**DATA EXTRACT:**

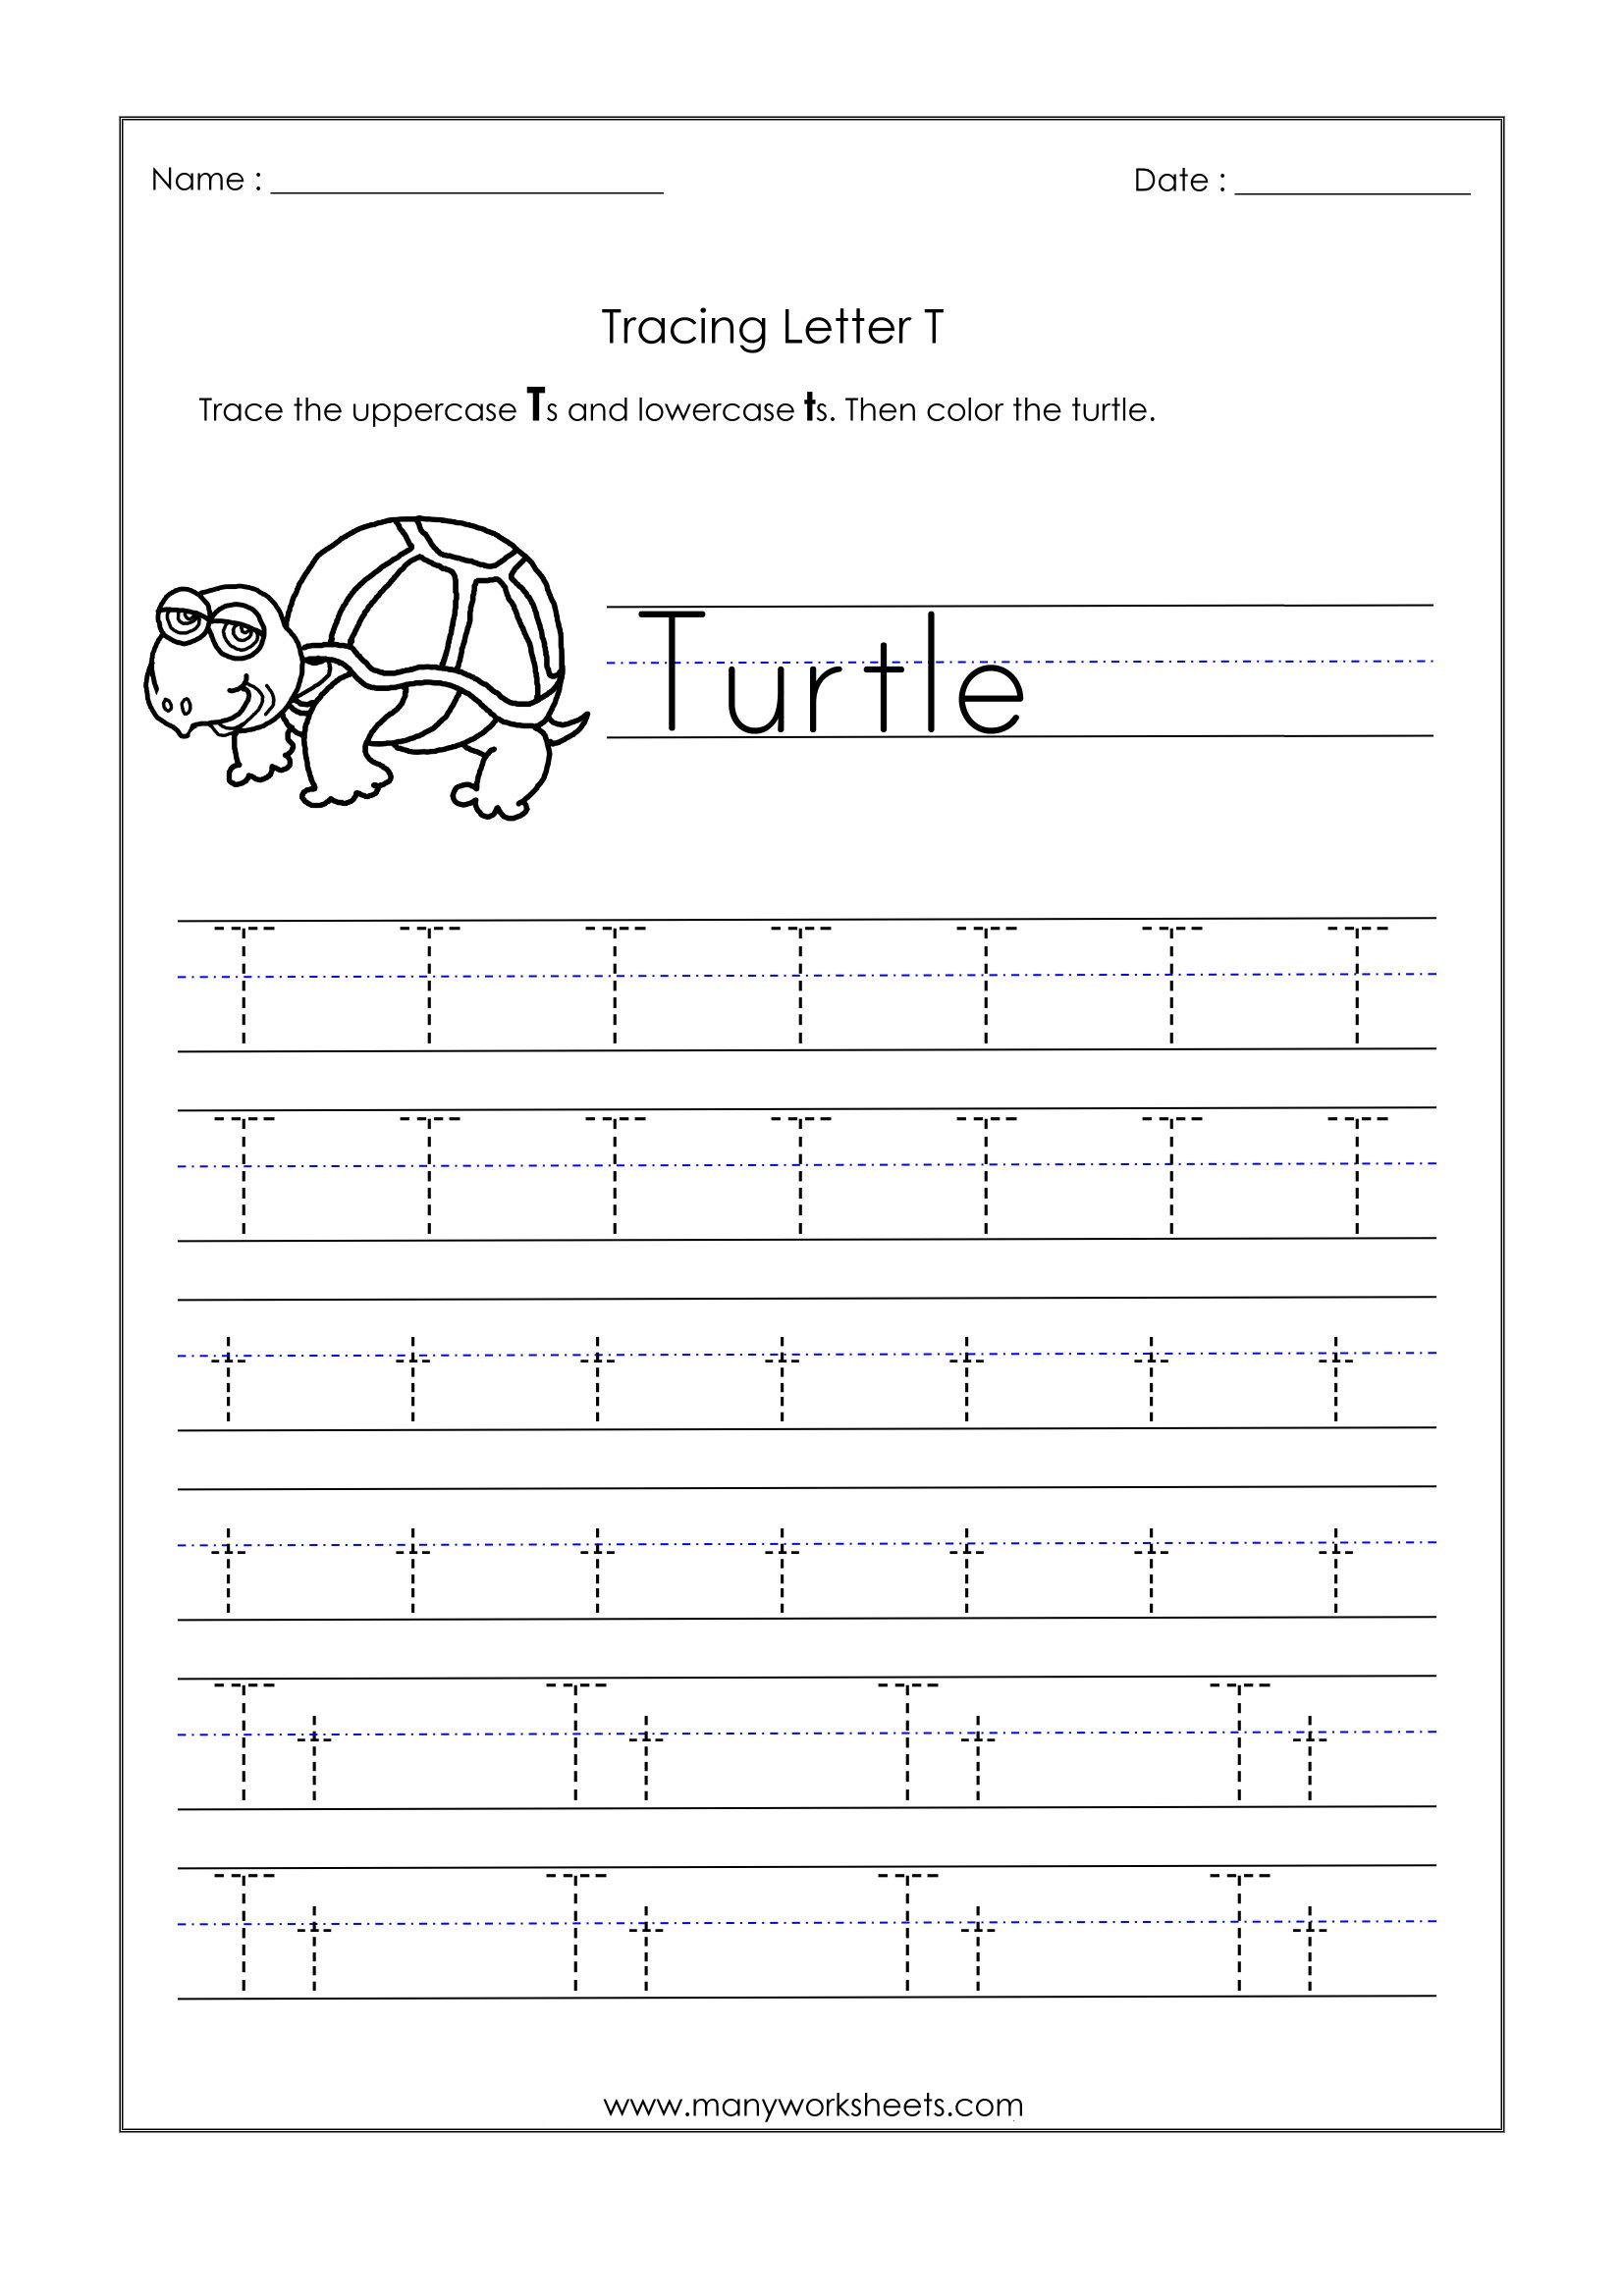 Letter T Worksheets For Kindergarten – Trace Dotted Letters throughout Letter T Worksheets Free
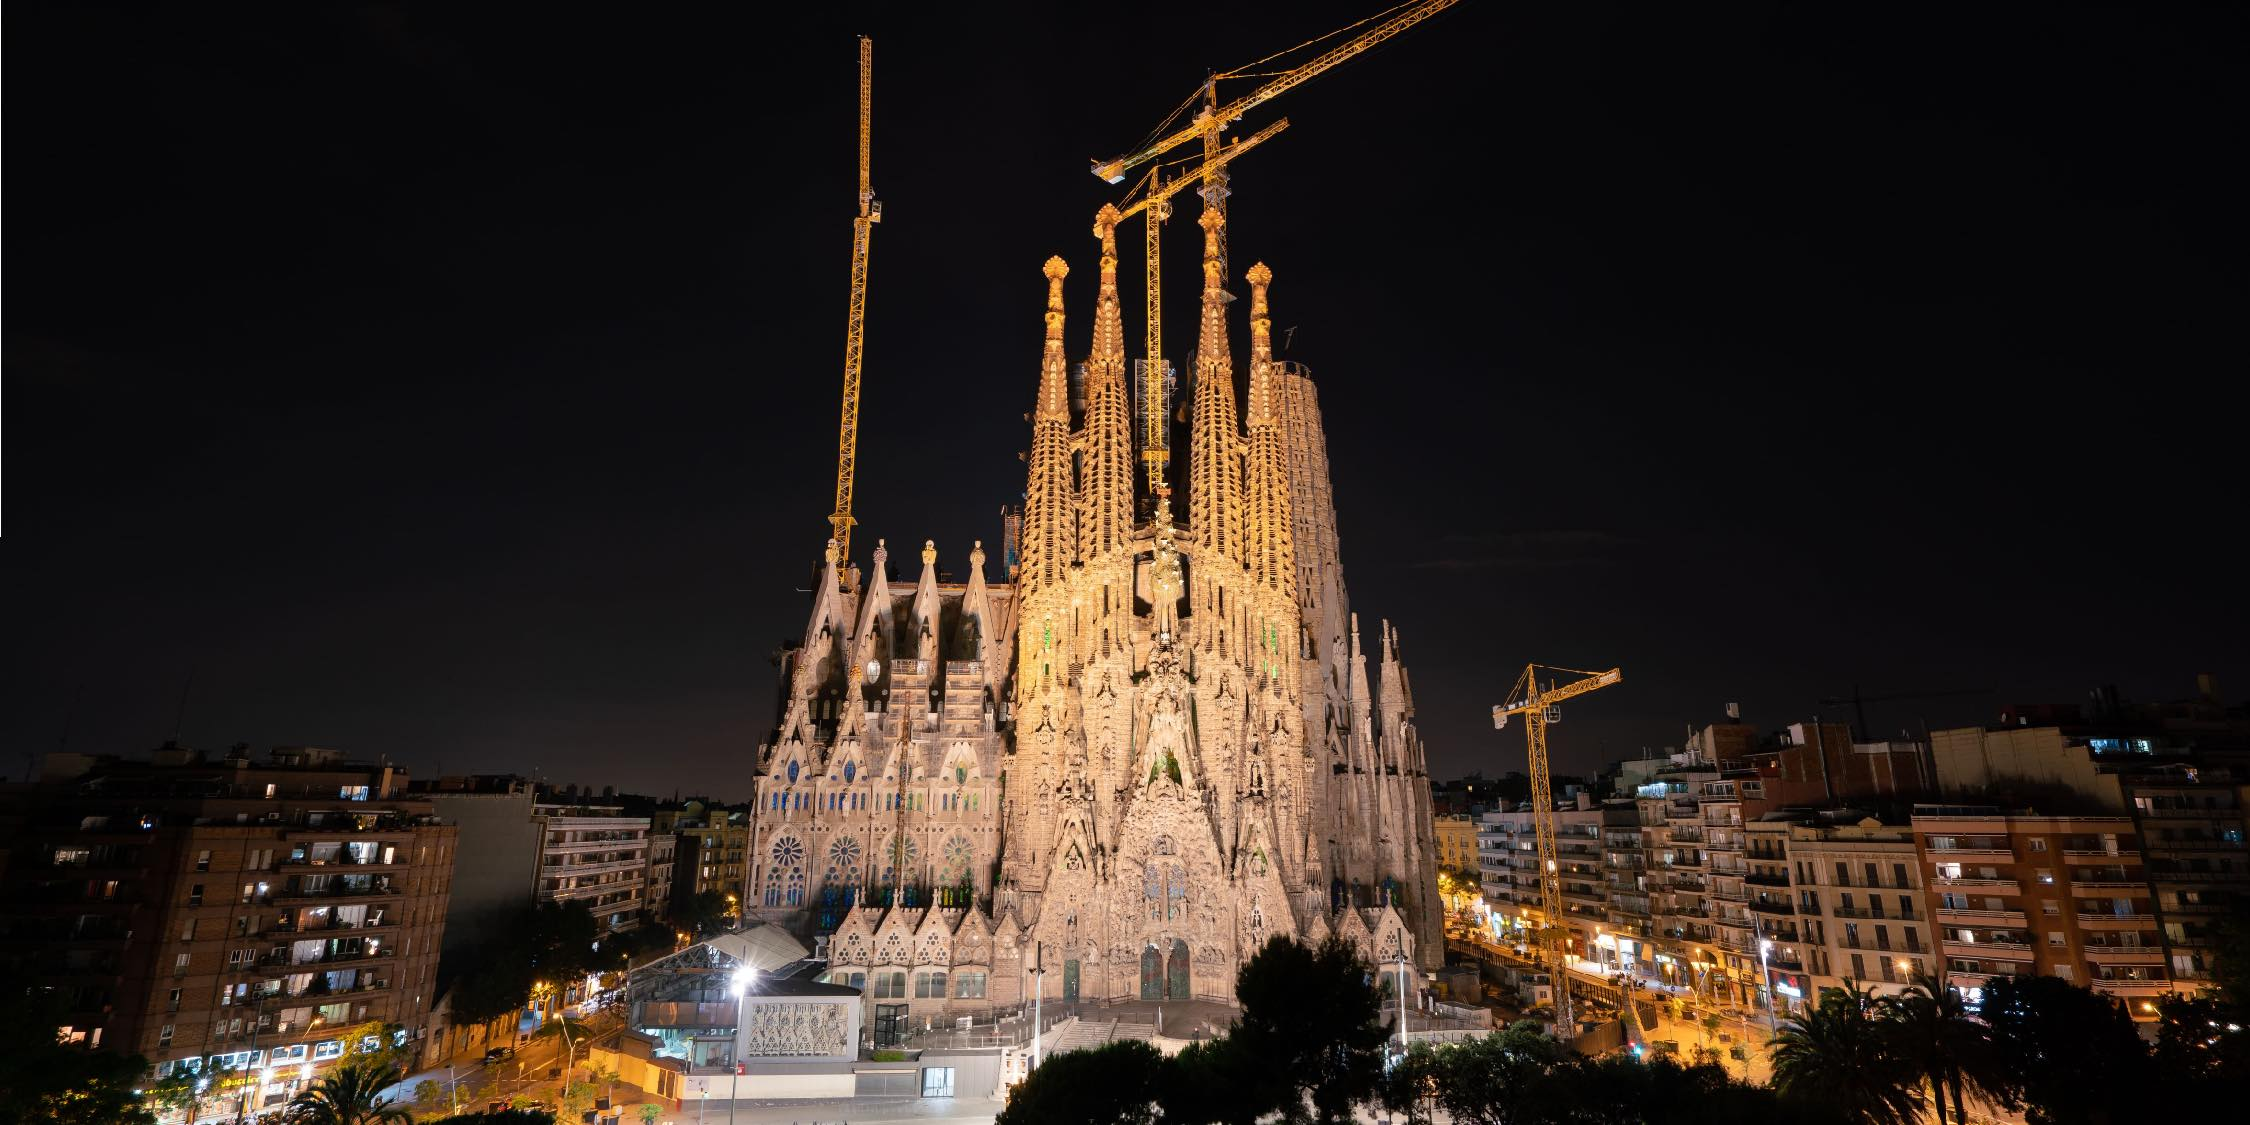 La Sagrada Familia サグラダファミリア 聖家堂
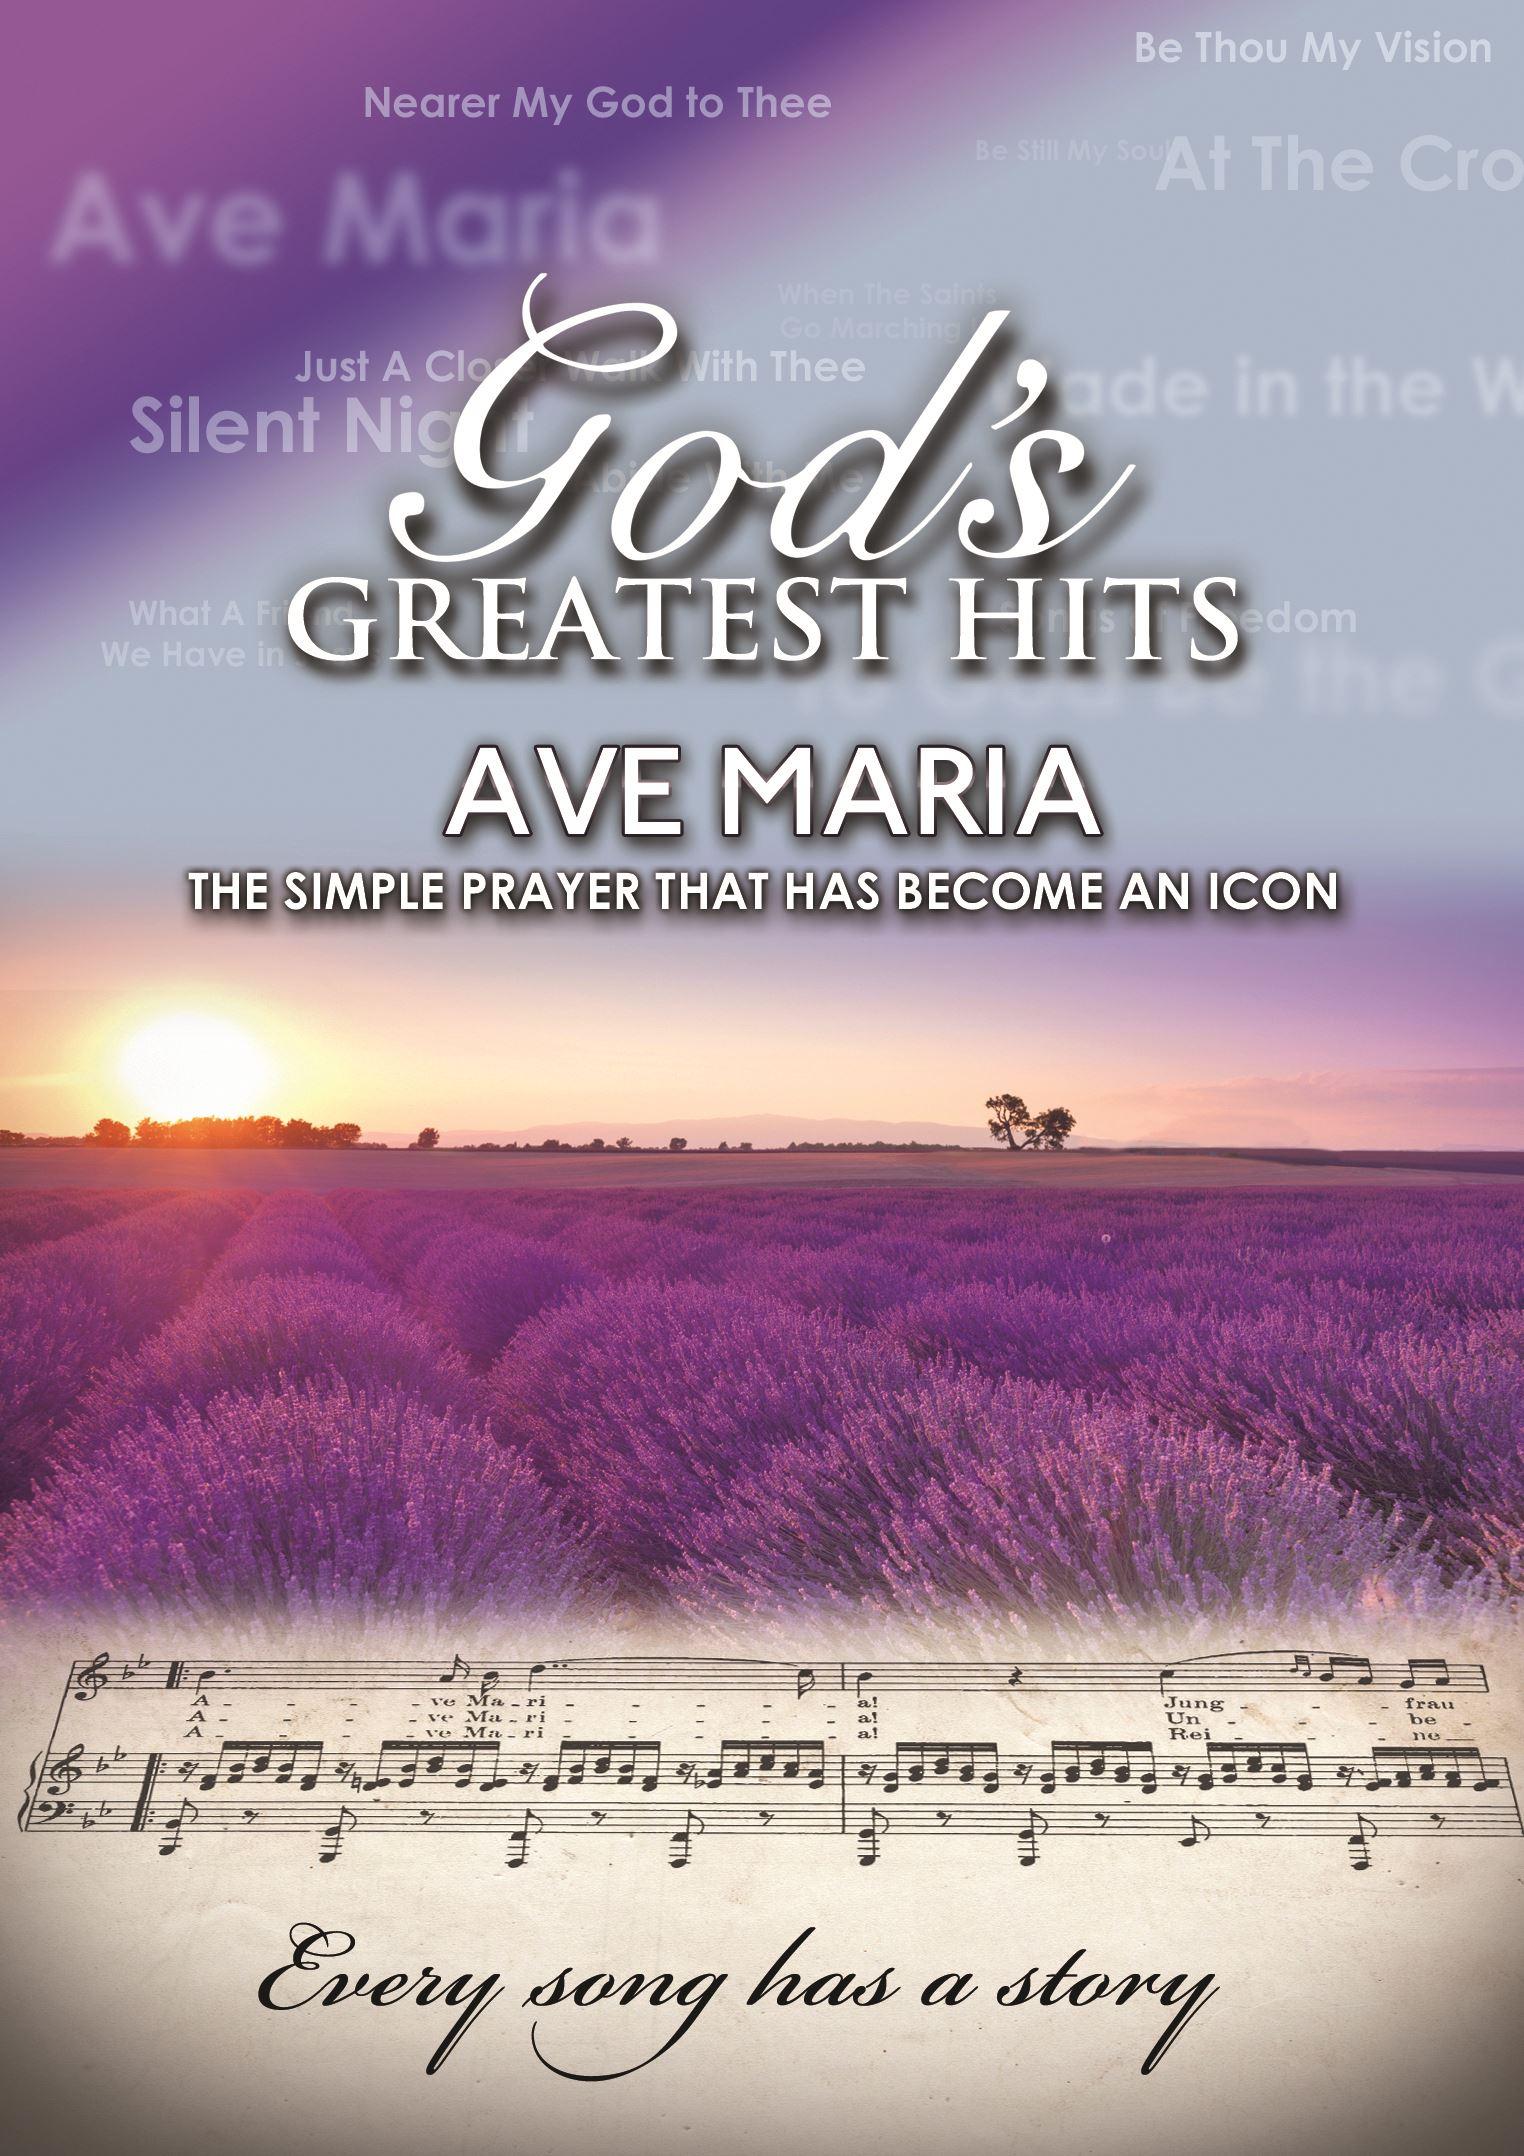 God's Greatest Hits: Ave Maria

**TASK ITEM:** Copy each line above exactly. Images do not belong in the copy.

**TASK RESULT:**
 Letter T Worksheets For Kindergarten – Trace Dotted Letters throughout Letter T Worksheets Free
 La Sagrada Familia サグラダファミリア 聖家堂
 God's Greatest Hits: Ave Maria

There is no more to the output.